* **Your instructions**
An exact transcription of the listing, without its images, is what the answer must contain.

* **Given information**
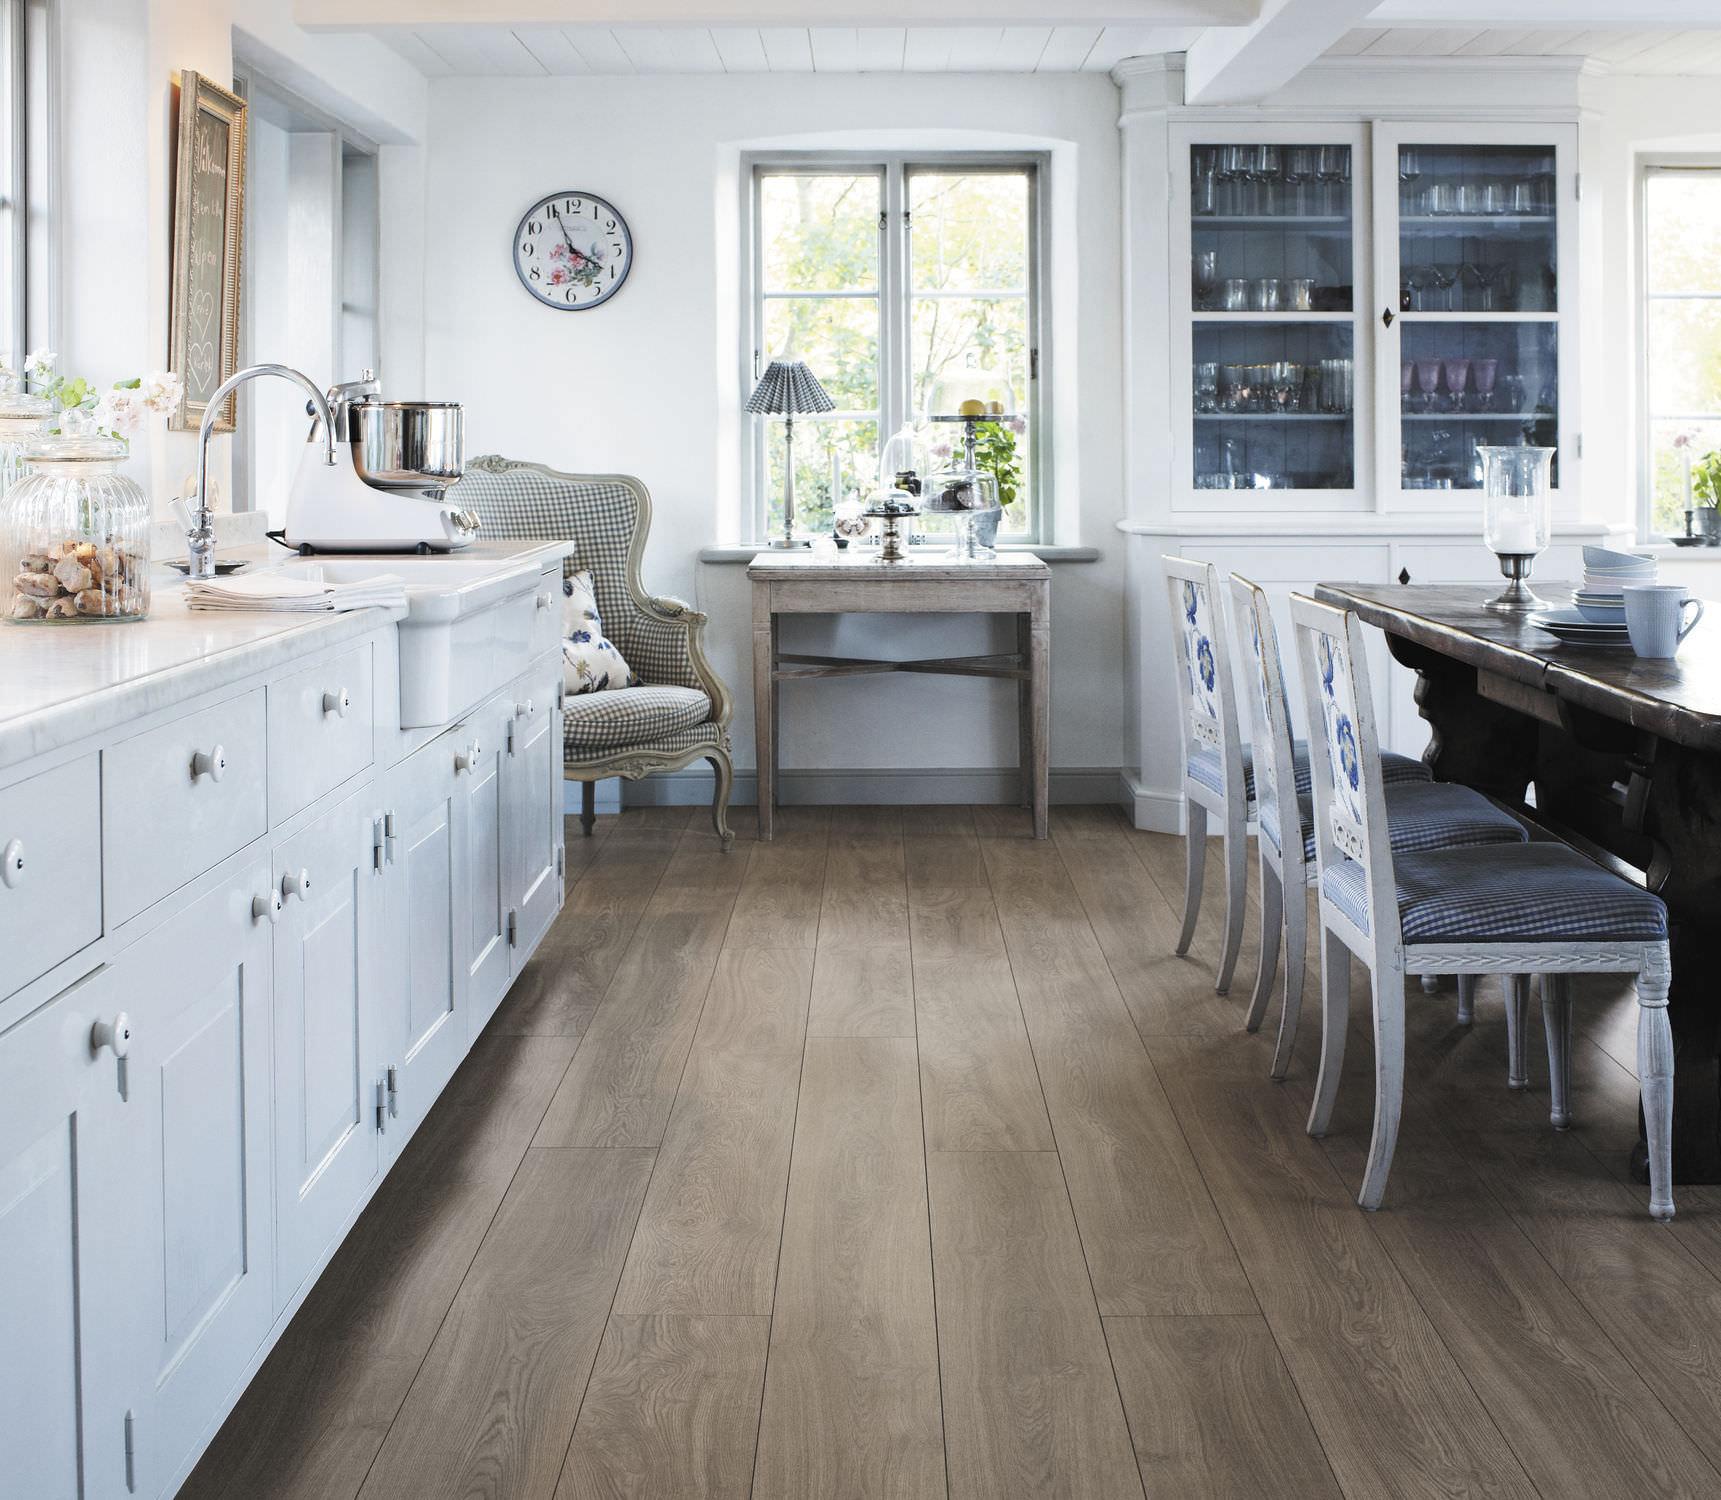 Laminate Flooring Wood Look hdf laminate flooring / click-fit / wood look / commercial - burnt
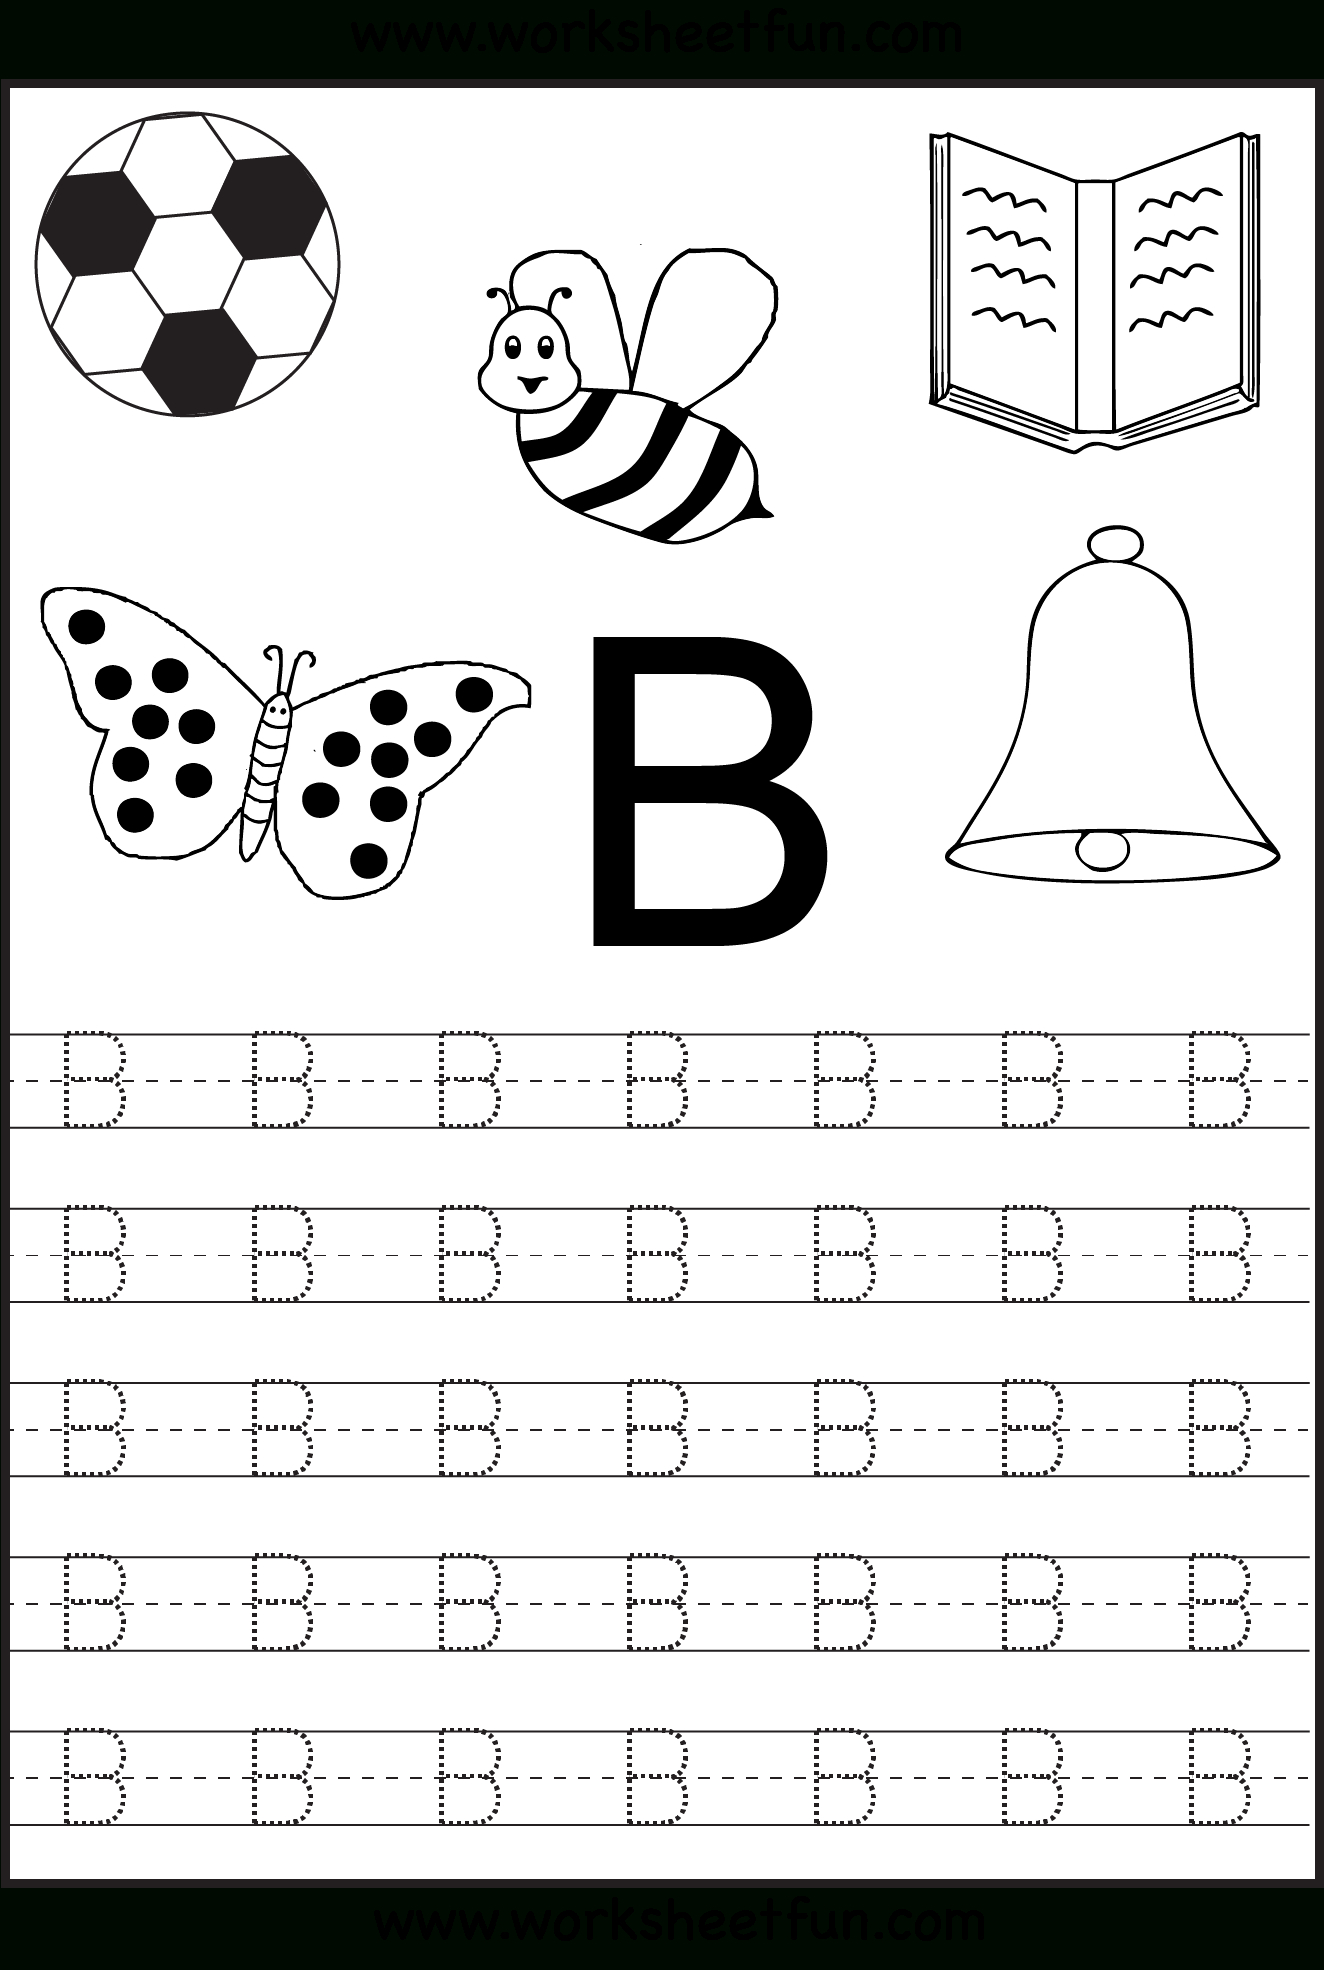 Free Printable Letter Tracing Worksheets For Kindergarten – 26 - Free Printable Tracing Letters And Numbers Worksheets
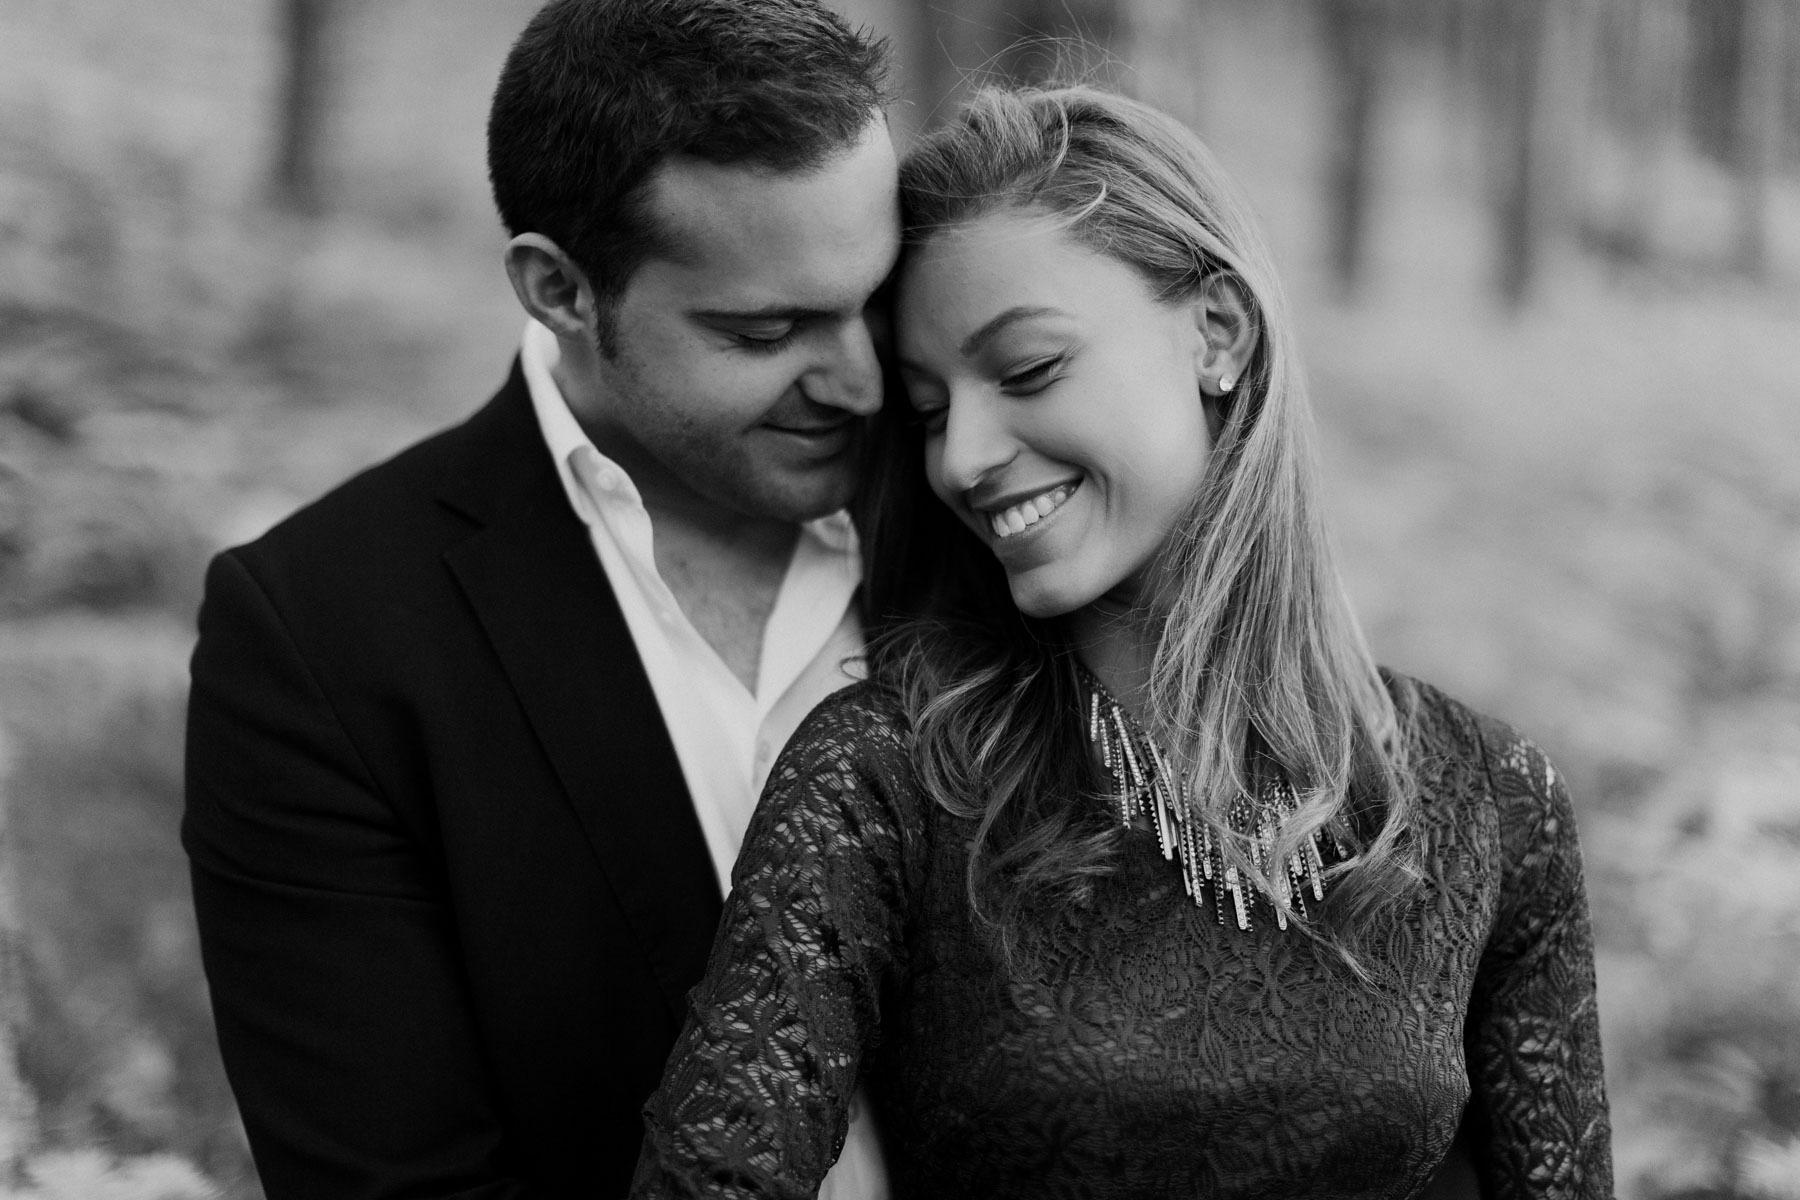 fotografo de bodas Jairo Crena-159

* **Answer area**
 Laminate Flooring Wood Look hdf laminate flooring / click-fit / wood look / commercial - burnt
 Free Printable Letter Tracing Worksheets For Kindergarten – 26 - Free Printable Tracing Letters And Numbers Worksheets
 fotografo de bodas Jairo Crena-159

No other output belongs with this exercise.